Wie es zu den Hexenmeistern kam weiß ich leider nicht, da es nirgendwo ein schriftliches Dokument über ihre Gründung bzw Entstehung gibt.

Was das alles mit den hier erwähnten Nachtelfenmagiern zu tun hat, um doch beim Thema zu bleiben zu tun hat, und nicht allzu weit vom Thema abschweifen, liegt in der Geschichte von WoW.

Und das ist bis hier mein letztes Statement.


----------



## Zangor (2. Dezember 2009)

Was logisch ist oder auch nicht entscheidet ganz allein Blizzard. Die werden sich schon ne schlüssige Geschichte zusammen basteln.


----------



## Raaandy (2. Dezember 2009)

es ist ein Fantasyspiel! Was logisch ist und was nicht entscheiden die Entwickler.
Hinter jeder neuen Rassen-Klassen-Kombo steht eine sehr gute Geschichte.


----------



## Buffer_Overrun (2. Dezember 2009)

Minøtaurus schrieb:


> [...]Von den Magiern weiß ich nur, dass die Allianz eigentlich Glück hatte die Blutelfen kennen zu lernen, die sie in den magischen Künsten unterwiesen.
> Jeder der da anderer Meinung ist hat die WoW Geschichte nciht gelesen. Der Grund warum die Menschen das die Menschen in die Künsten unterwiesen wurden war der: Dalaran, damals noch unter der uns wohlbekannten Kuppel war in Gefahr, und die Menschen vor allem aus dem damaligen noch vorhandenen Stadtstaat Stromgarde und der Hauptstadt Lordaerons, die heutige Unterstadt, boten ihre Hilfe an, aber nur unter der Vorraussetzung, dass sie in den magischen Künsten unterwiesen werden. Die Blutelfen nahmen sich die begabtesten vor, und brachten ihnen die Arkanen Künste bei, dabei stellten sich die Menschen als gar nicht so unbegabt heraus, und so konnte die drohende Gefahr, ich glaube es war, die zu dem Zeitpunkt schon aufkommende Geißel, zurück geschlagen werden. Aber eien eigene "Magierkaste" gibts nicht wirklich, da jede Fraktion ihr eigenen Erzmagier aufbaute.[...]


Uiuiui... da sind aber auch ganz schön viele Lore-Fehler drin. Ich versuch das mal zu verbessern...

Die verstossenen Nachtelfen gründeten ja Quel'Thalas im Norden Lordaerons und wurden mit der Zeit zu Hochelfen (nicht Blutelfen!
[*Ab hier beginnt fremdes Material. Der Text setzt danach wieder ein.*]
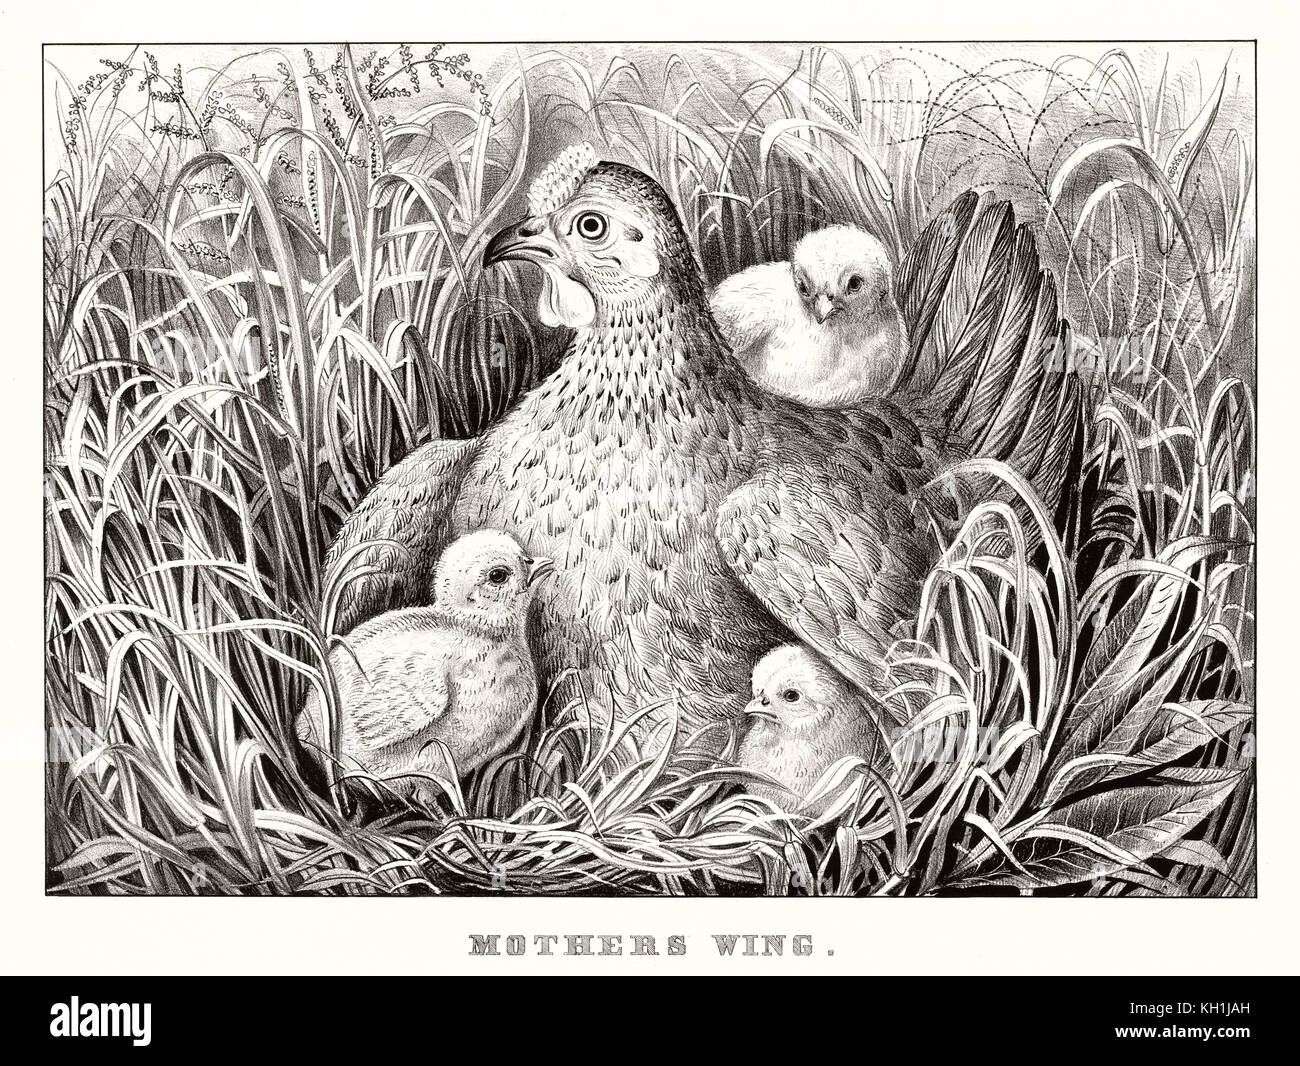 Old illustration of chicks protected under mother's wings. By Currier & Ives, publ. in New York, 1866 Stock Photo

Das ist viel später erst die abgesplitterte Gruppe, die man heute bei der Horde kennt). Unglücklicherweise war dies aber das Gebiet der Amani-Trolle, welche darauf begannen einen erbitterten Krieg gegen die Elfen zu führen.
Aus diesem Grund wandten sich die Elfen an die Menschen, die ihnen im Krieg gegen die Trolle helfen sollten. Schnell bemerkten sie, dass auch Menschen für Magie empfänglich waren und bildeten einige im Gegenzug zur militärischen Hilfe darin aus.
Die drphende Gefahr waren zu jener Zeit also die Trolle... die Geissel war zeitlich gesehen noch weit entfernt.
Und Dalaran selbst wurde erst zu jener Zeit von Menschen- und Hochelf-Magiern gegründet. Und die schützende Kuppel - die man noch vor WotLK kannte - gab es erst nachdem Archimonde (in WC3) Dalaran dem Erdboden gleich machte... auch das kommt erst viiiiel später.

Was Du genau mit der Magierkaste meinst, verstehe ich nicht ganz. Es gibt halt die Kirin Tor - eine eigenständige Magierfraktion, die meines Wissens Menschen, Elfen und Gnome (und Drachen... naja, eher unwissentlich  


			Dieser Inhalt steht nur eingeloggten Mitgliedern zur Verfügung.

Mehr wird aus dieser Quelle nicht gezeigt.